Tuesday, July 26, 2011

Purity vs Practicality Issue on Ballot Measures

What if a ballot measure accomplishes something that you believe, but in the process reaffirms an existing regulation that you find odious, but at least doesn't make it worse? Do you support it? This is my quandary with the proposed ballot initiative I regretted signing in yesterday's post regarding Prohibits Political Contributions by Payroll Deductions initiative. Here is what Richard Rider, taxfighter extraordinaire, had to say on my cross-post in the sdrostra comments:

In particular I disagree on the “payroll deduction” prop’s analysis. B-Daddy is concerned about 1st Amendment issues hobbling corporations and unions funding favored candidates. But in reality — if the measure passes – both unions and corporations are still free to give money to IE (Independent Expenditure) campaigns to support or oppose candidates — as long as these funds are not run or influenced by the candidates.

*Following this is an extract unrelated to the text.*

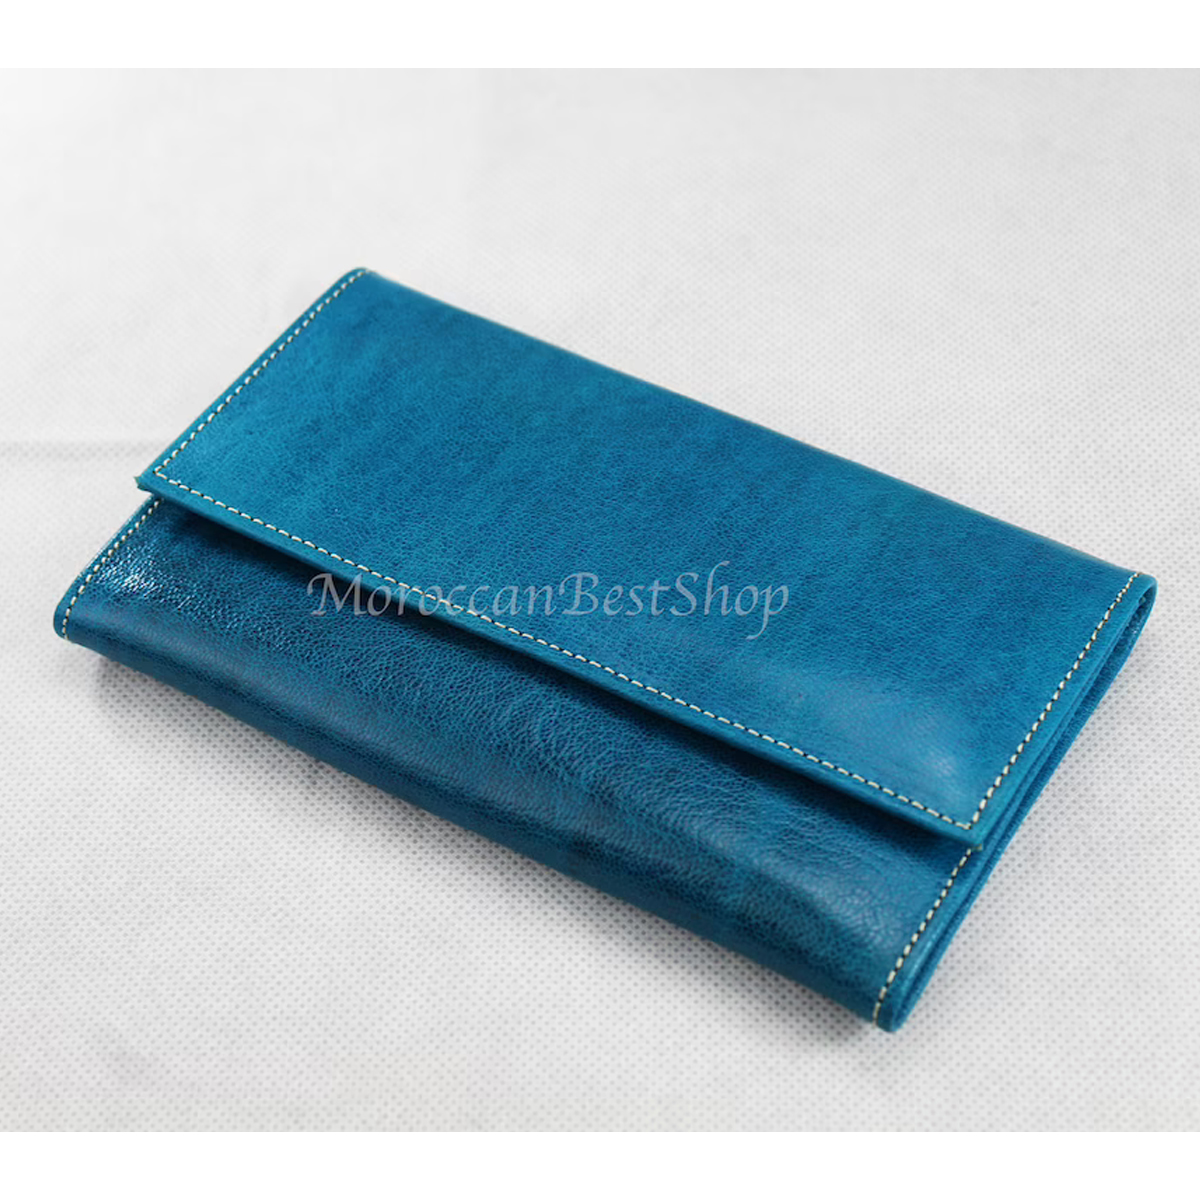 Bags & Purses Wallets & Money Clips Wallets Women's wallet turquoise

I’m no expert in this area, but I believe unions are CURRENTLY denied the ability to DIRECTLY give money to candidates. I think that currently corporations can directly fund state candidates, but are often prohibited from funding local candidates for office.
Richard makes some great points. At least I have fewer regrets signing the petition. The purist in me wants to say, tough, I don't support any of these limits and believe that sunshine is the best anticeptic. Unions and corporations should be allowed to contribute but it should be made public. But the realist looks for advancing our goals, without betraying core principles. The question is does support for such an initiative betray core principles. I look forward to reading your opinion in the comments.